The `id` column can be an integer, a GUID, or any other unique identifier.
Composite keys are also possible.
A temproal table contains two extra columns, `from` and `to`, that define the time period during which a row is valid.
These columns can be of any ordered type, such as integers, dates, or timestamps.
The `at_time()` function provides a way to query such a table at a specific point in time.

The maintenance of a temporal table as new data arrives is slightly different depending on the storage medium because they have different trade-offs.
Flat files are easy to work with but require the entire table to be read and written.

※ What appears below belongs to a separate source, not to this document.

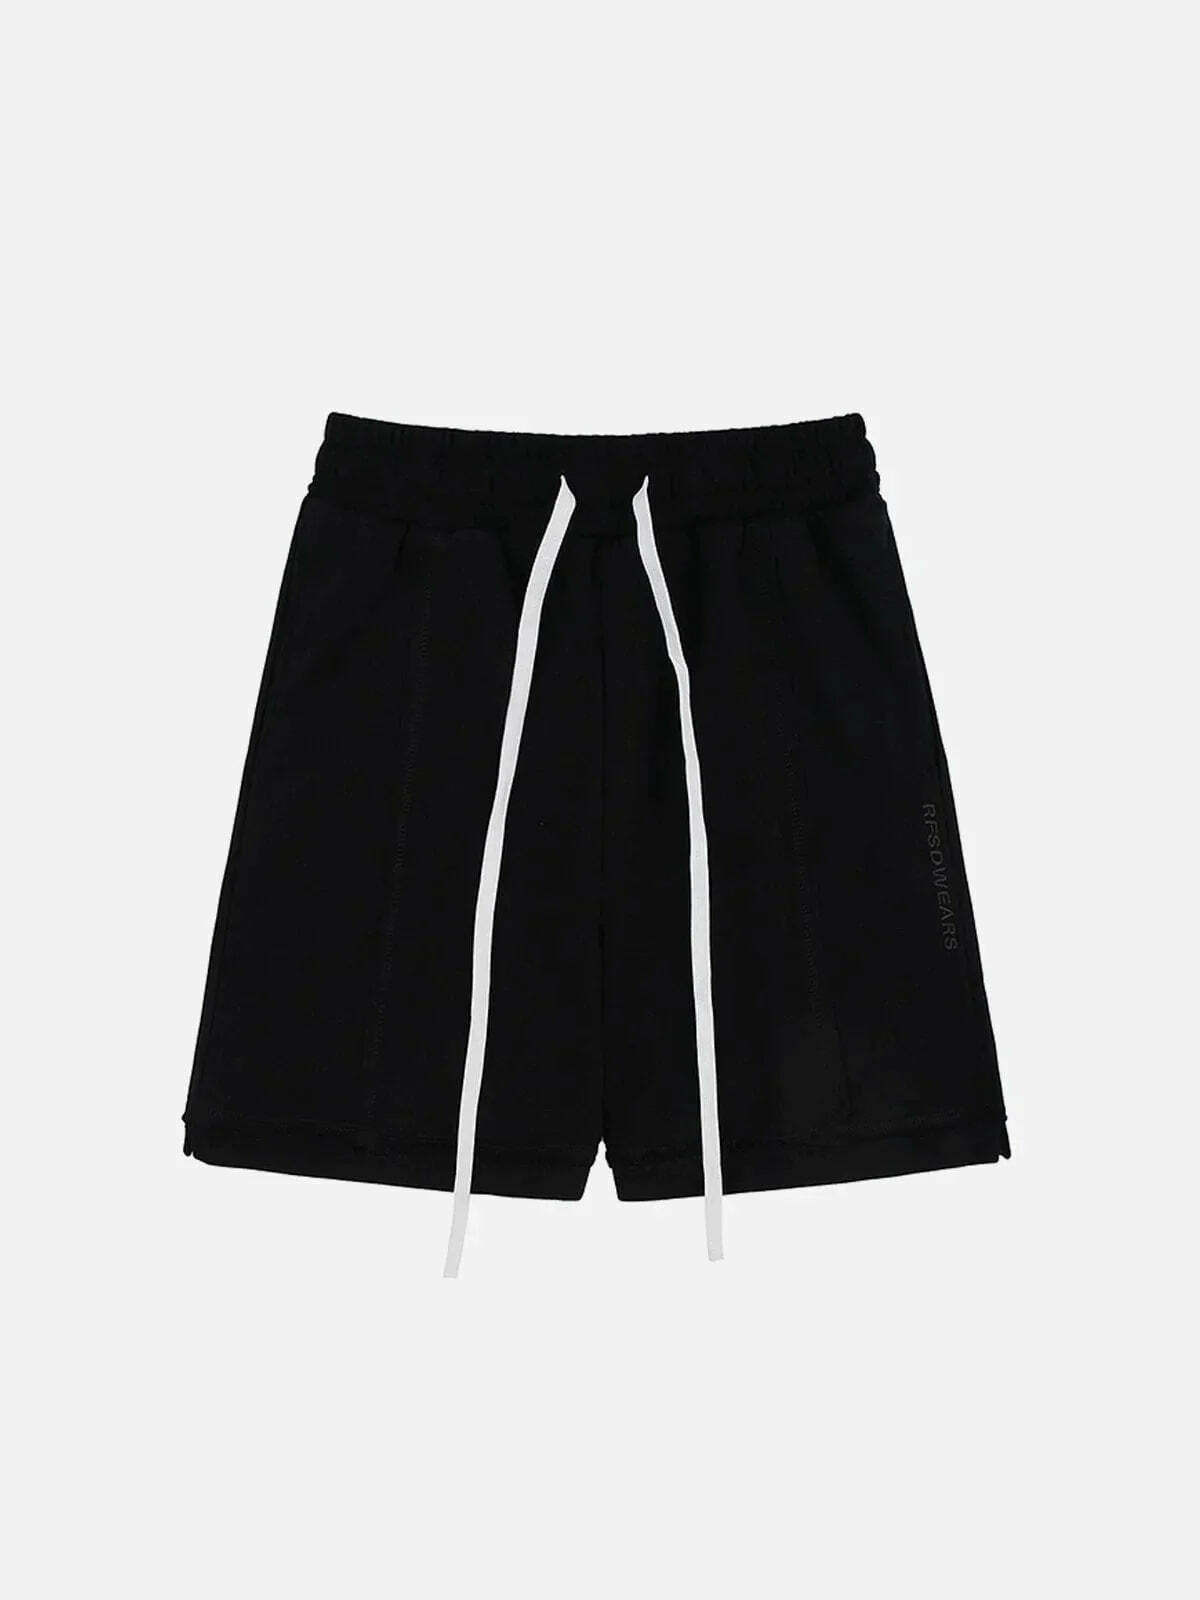 revolutionary doublewaistband shorts urban fashion essential 2403

To maintain efficiency, the history table can be split into observation (`O#`) and difference (`D#`) tables.
In contrast, a database table can be changed in-place but requires the changesets to be specified in bulk for efficiency.

For flat files, the `compute_diff()` function provides a way to efficiently maintain the observation and difference tables as new data arrives.

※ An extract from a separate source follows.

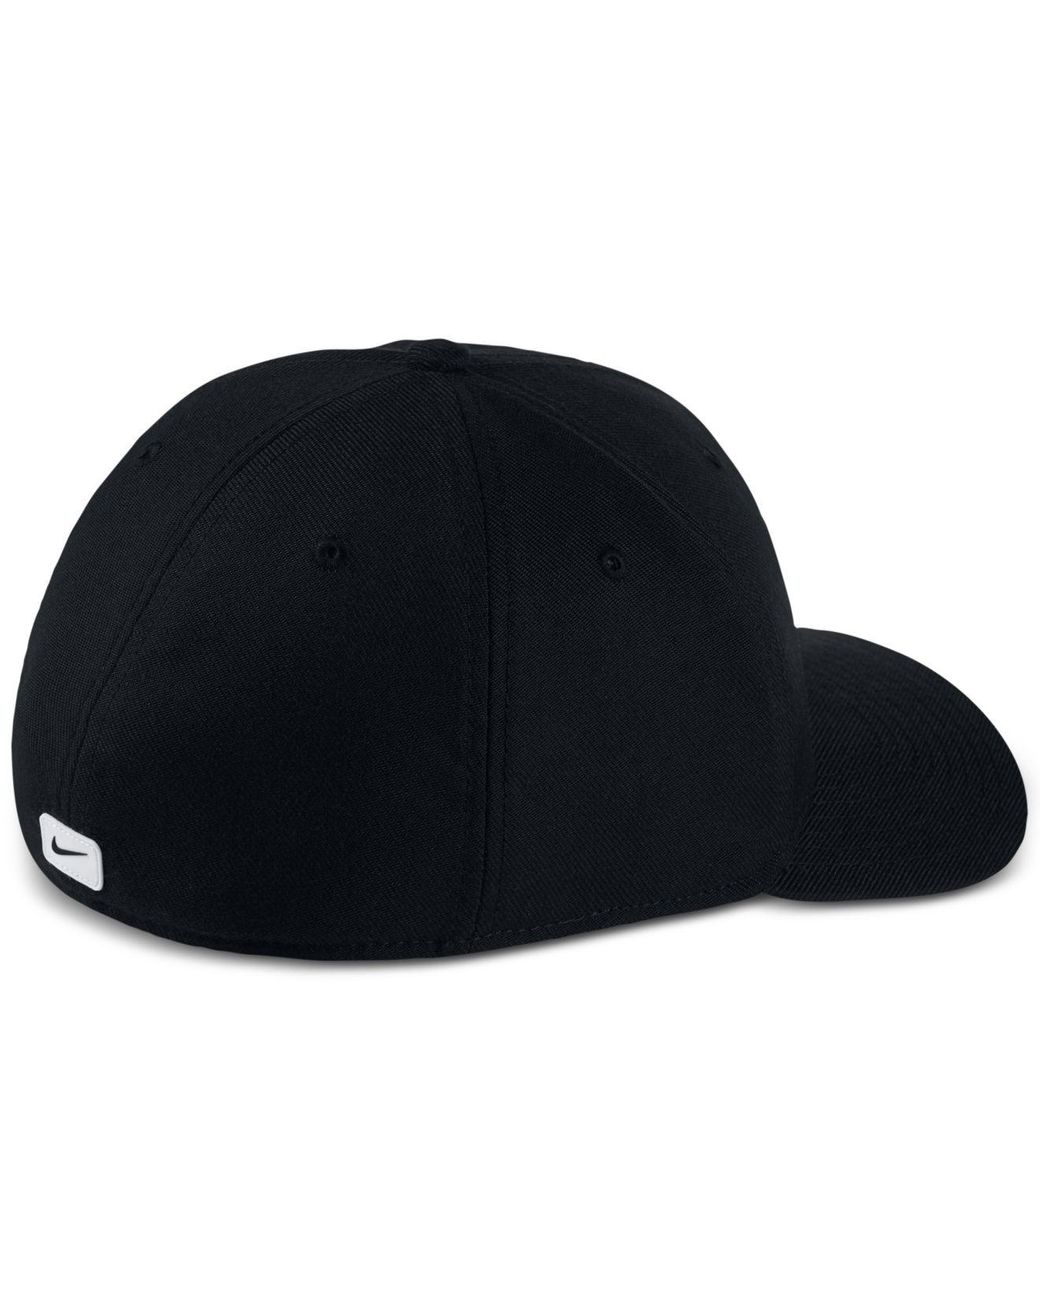 Nike Sportswear Dri-fit Stretch Fit Hat in Black Men | Lyst

For each new data delivery, only the most recent observation table must be replaced with a new difference table, and the new delivery essentially becomes the new observation table.

The `compute_diff_history()` function provides a way to efficiently maintain a history table on a database new data arrives.
It specifies precisely the rows to be updated and appended.
For updated rows, the payload `x` is never touched.